Treats every error equally (no extra punishment for big ones) → robust when you have occasional outliers or “crazy” values.
Disadvantages
Doesn’t penalize large errors more than small ones → if big misses hurt your business much more (e.g., stockouts of high-value items), it underplays their importance.
Not scaled → hard to compare accuracy across products with very different volumes (50-unit error on a 100-unit item is worse than on a 10,000-unit item).
3. MAPE (Mean Absolute Percentage Error)
The average of absolute percentage errors across all data points.
It shows the average error as a percentage of the actual value. If MAPE = 12%, your forecasts are off by 12% on average (in relative terms).
Advantages
Scale-independent → great for comparing accuracy across products, categories, or time periods with very different volumes (e.g., comparing a slow-moving spare part to a fast-moving SKU).
Very intuitive for non-technical people → “we’re wrong by about 15% on average” is easy to understand and communicate.
Widely used and expected in business reporting.
Disadvantages
Becomes extremely large or even undefined when actual values are zero or very close to zero (division by zero or tiny numbers blows up the percentage, sometimes worth to exclude such cases).
Asymmetric: over-forecasting a small number hurts MAPE much more than under-forecasting → can bias models toward lower forecasts when optimized on MAPE.
4. RMSE (Root Mean Square Error)
The square root of the MSE (Mean Squared Error), giving a measure of the average magnitude of the forecast errors.
It’s like MAD but gives much more weight to your largest errors (because errors are squared before averaging, then square-rooted back). It still ends up in the same units as your data.
Advantages
Strongly penalizes big errors → perfect when large misses are especially costly (e.g., under-forecasting peak demand)
Same units as the original data → reasonably interpretable.
Disadvantages
Very sensitive to outliers → one or two huge errors can make RMSE look dramatically worse, even if most forecasts are good.
Harder to explain to non-technical stakeholders than MAD or MAPE (“what does an RMSE of 450 really mean?”).
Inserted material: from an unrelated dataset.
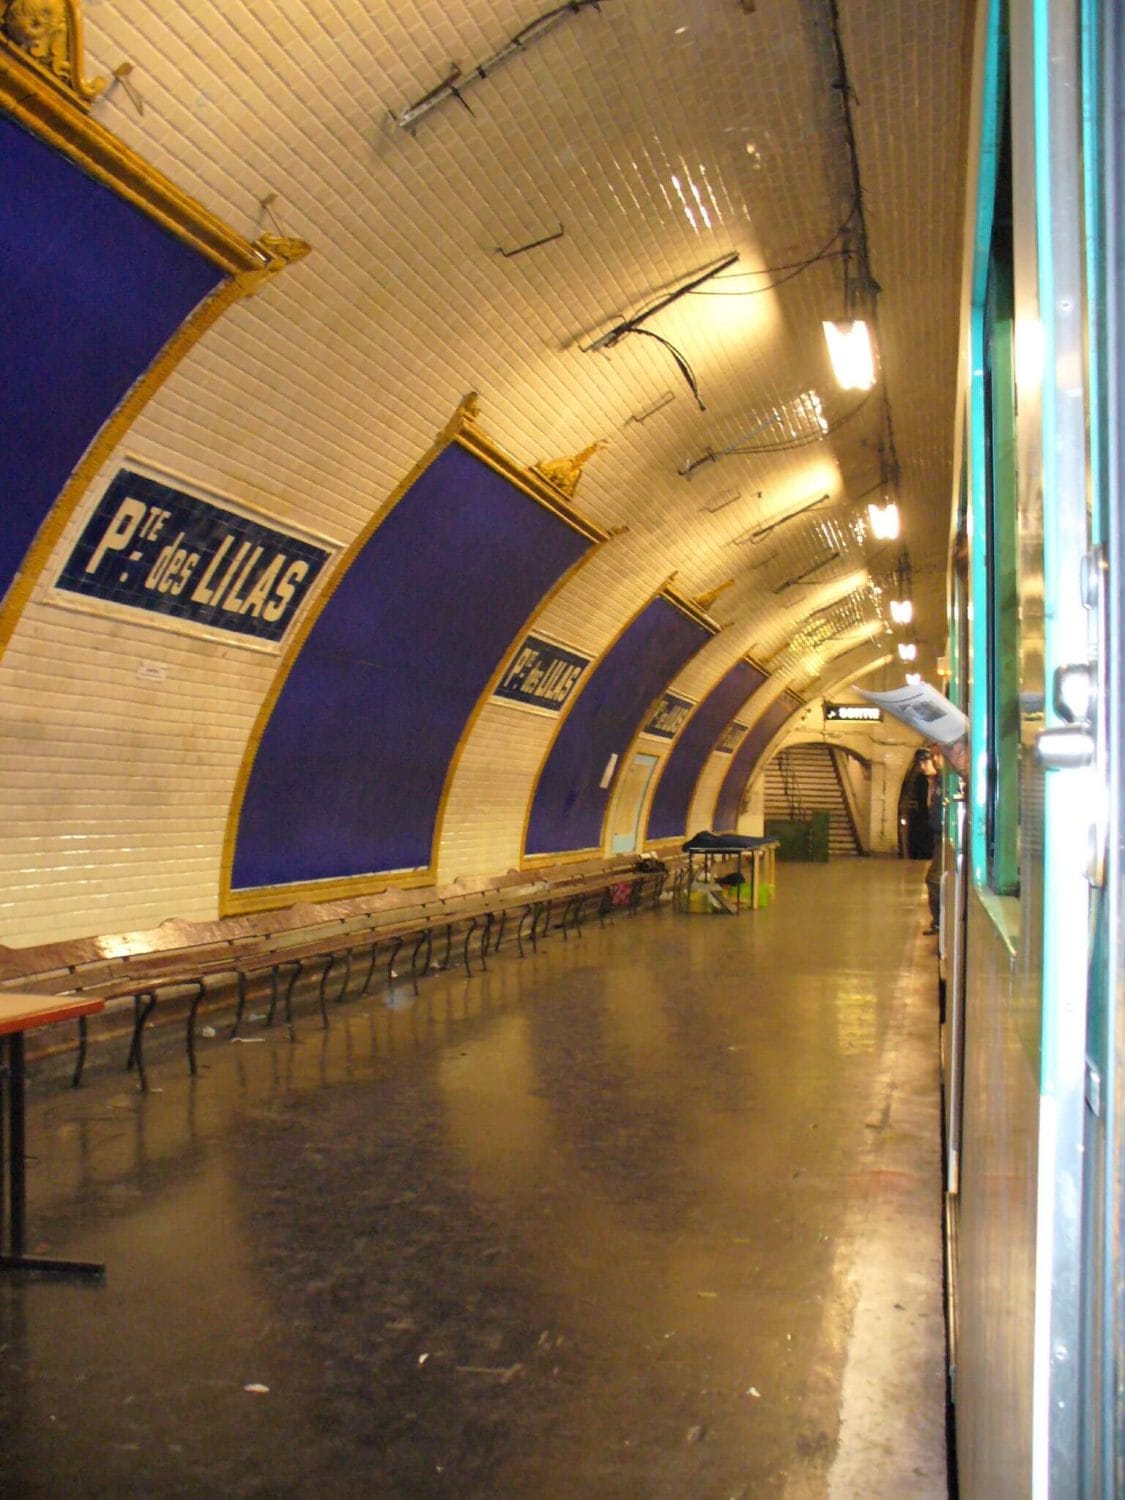 Porte des Lilas cinema station - Photo Wikimedia Commons by Yann Caradec

Below you can find quick Recommendation Table (when to prefer each)
Metric
Best when you want to…
Avoid when…
Business-friendliness
Bias
Detect systematic over/under-forecasting
You only care about error magnitude
★★★★★
MAD/MAE
Robust average error size, no outlier drama
Large errors hurt much more than small ones
★★★★☆
MAPE
Compare across very different scales/volumes
Many zeros or very small actuals
★★★★★
RMSE
Heavily penalize big, expensive mistakes
You have outliers that aren’t meaningful
★★★☆☆
In practice, most mature forecasting teams look at several of these together — especially Bias + one absolute measure (MAD or MAPE) + RMSE when big errors matter a lot.
Summary
I hope this short comparison of KPIs makes it easier for you to select exactly the ones you need! Remember, the audience to whom you want to show the data is key, so select your KPIs wisely!